I’m a dedicated income investor who only buys dividend stocks. But my portfolio income will take a battering this year due to the widespread dividend cuts we’ve seen since March.
I’m keen to see if there’s anything I can do to improve my portfolio performance in future crashes. So I was interested to see an article by star fund manager Terry Smith in the FT this week which noted “the folly of investing in equities for income”.
Am I really stupid, or is Terry Smith wrong?
Terry Smith runs the Fundsmith fund management business. Since its launch in 2010, the Fundsmith Equity Fund has risen by more than 300%. That’s a pretty impressive track record.

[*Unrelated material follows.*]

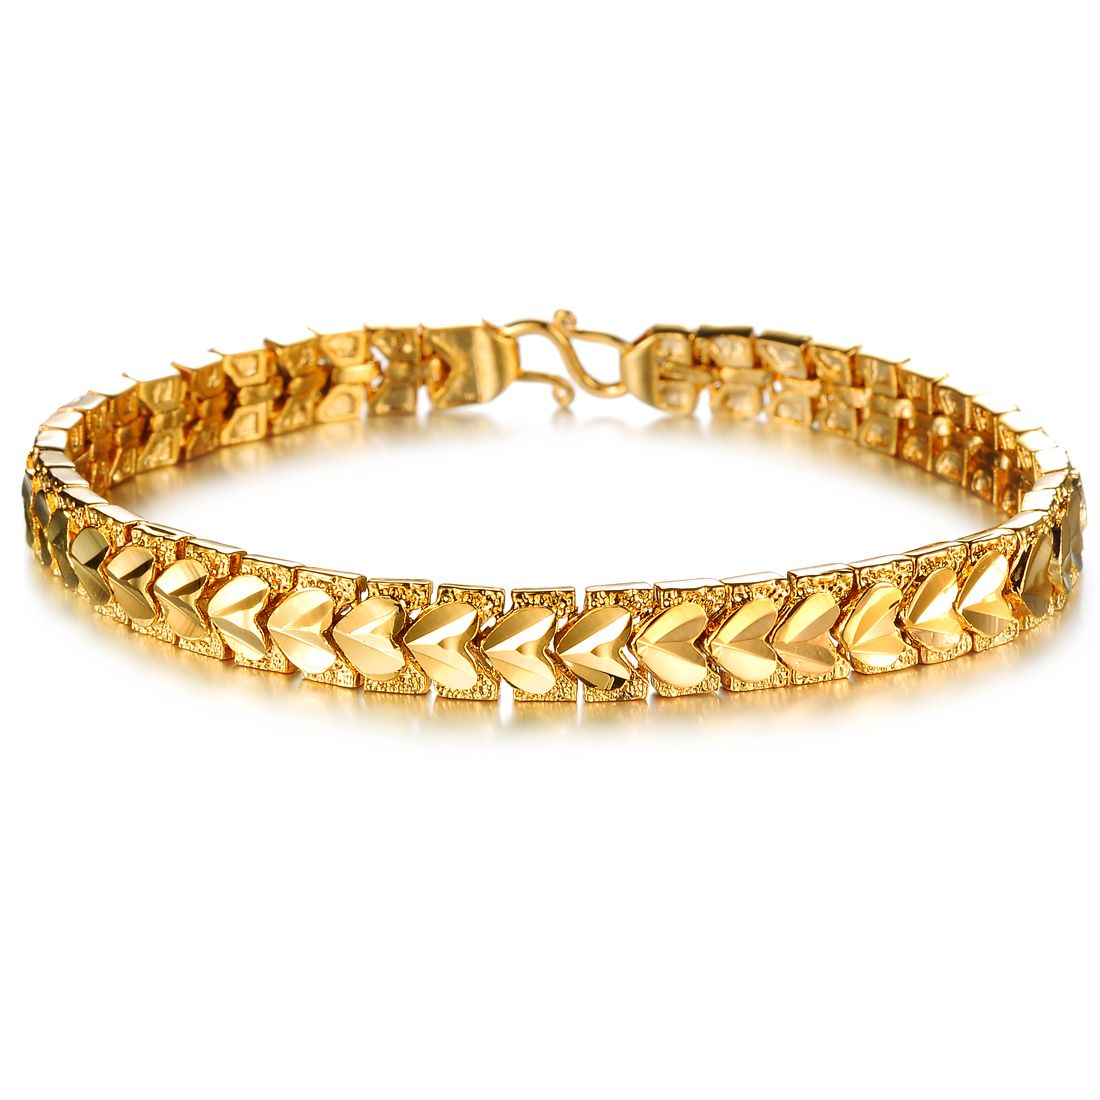 Il nuovo braccialetto del braccialetto delle donne/uomini dei monili placcato oro di modo di arrivo non sbiadisce mai
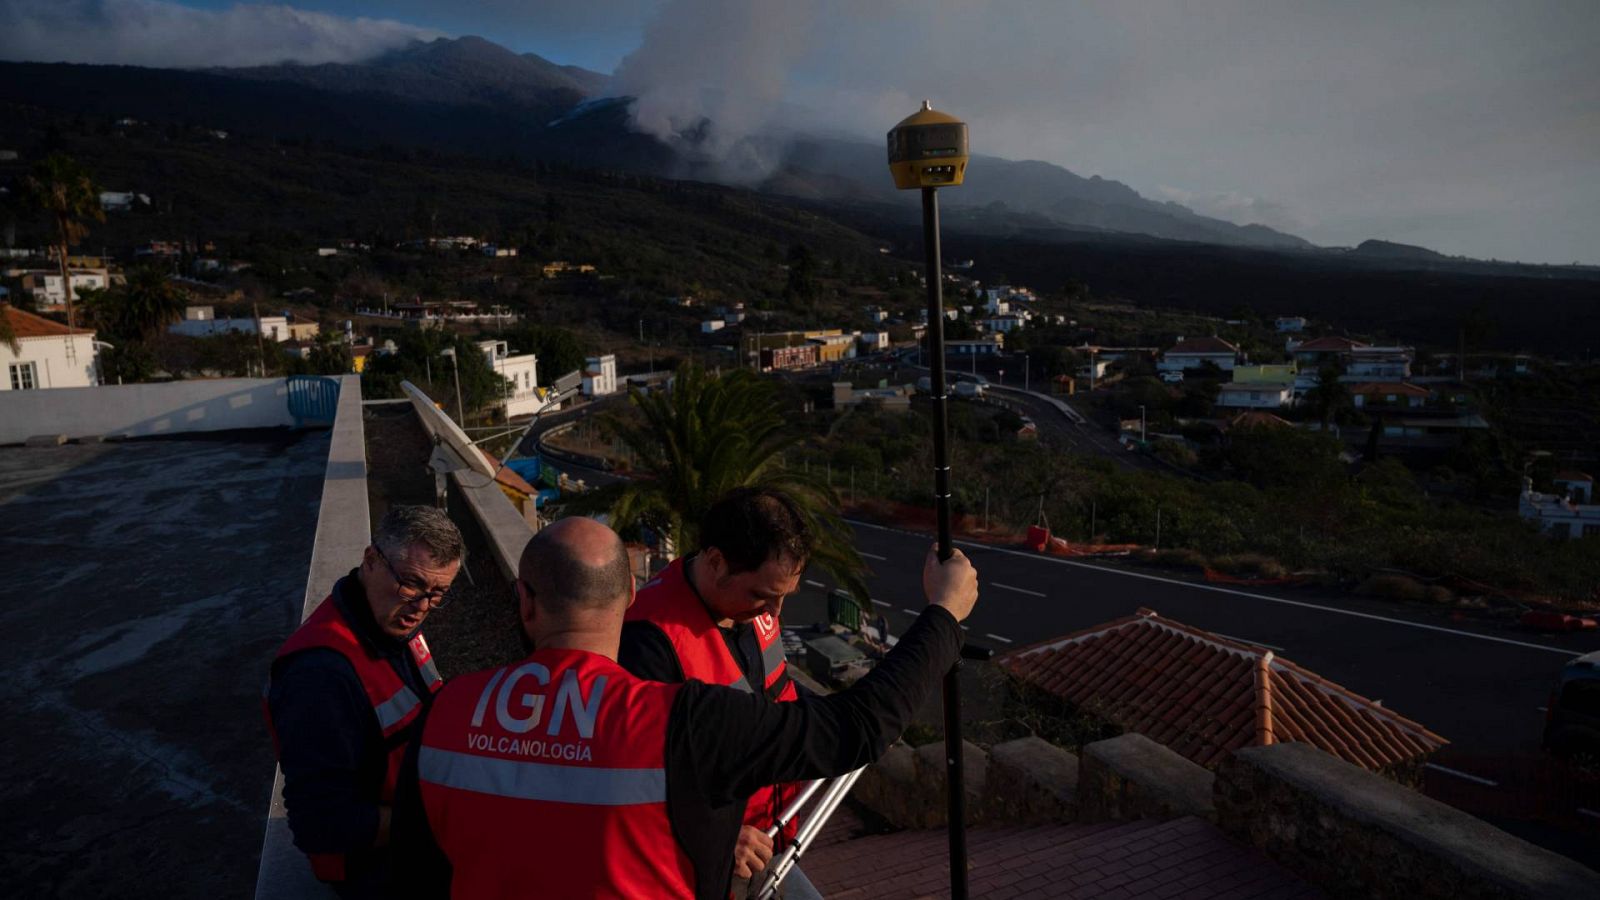 14 horas - Volcán de La Palma: "Habrá gases y temblores durante varios meses" - Escuchar ahora

Mr Smith makes two main points about dividends. The first is that many FTSE 100 companies have been paying unsustainable dividends in recent years. I think this is a fair criticism.
At the time of writing, the FTSE 100 has a dividend cover level of 1.5. In other words, companies are paying out an average of 66% of their earnings as dividends. This leaves only 33% of earnings to reinvest in growth or repay debt.
In truth, cover is much lower for some big dividend stocks, including dividend heavyweights such as Vodafone, BP, HSBC and Royal Dutch Shell. HSBC and Shell have already cut or suspended their dividends. I suspect we could see more big casualties over the next year.
Dividend stocks I’d buy for long-term income
Mr Smith’s suggestion is that investors who want to buy dividend stocks should look for companies with higher levels of dividend cover. He’s also keen on businesses with controlling family ownership, where management often takes more care to ensure the dividend is affordable.
I’ve hunted through the FTSE 100 and FTSE 250 to find companies that tick these boxes. Here’s a selection:
Company |
Comment |
Schroders |
This FTSE 100 asset manager has been in business more than 200 years and has a reputation for stability and long-term focus. I see this as a great dividend stock — I’d buy the SDRC shares for extra yield. |
Associated British Foods |
ABF owns fashion retailer Primark, plus a range of food and sugar businesses. It’s still managed and controlled by the founding Weston family. The dividend has just been cut for the first time since 1988, to reflect the challenges facing Primark. This is disappointing, but I expect the payout to return and still rate this as a dividend stock. |
Hargreaves Lansdown |
This fund supermarket and retail broker isn’t a multi-generational business (yet). But profitability is superb and founders Peter Hargreaves and Stephen Lansdown still own 33% of the shares. Hargreaves Lansdown offers a 3% dividend yield at the moment. I think it’s maturing into a good dividend stock. |
easyJet |
The popular budget airline is facing difficult times at the moment. There are certainly no dividends on offer. However, founder Sir Stelios Haji-Ioannou and his family still control 33% of the shares. They seem likely to support any refinancing that might be needed. |
Mr Smith could help us get rich
Most of these dividend stocks have delivered above-average returns for long-term shareholders. And if you hunt through the FTSE 250 and AIM markets, you’ll find more such firms.
I reckon that following Terry Smith’s advice on dividends could definitely boost your future profits. Personally, I’m using the stock market crash to buy more high-quality defensive dividend stocks for my portfolio. I think Mr Smith would approve.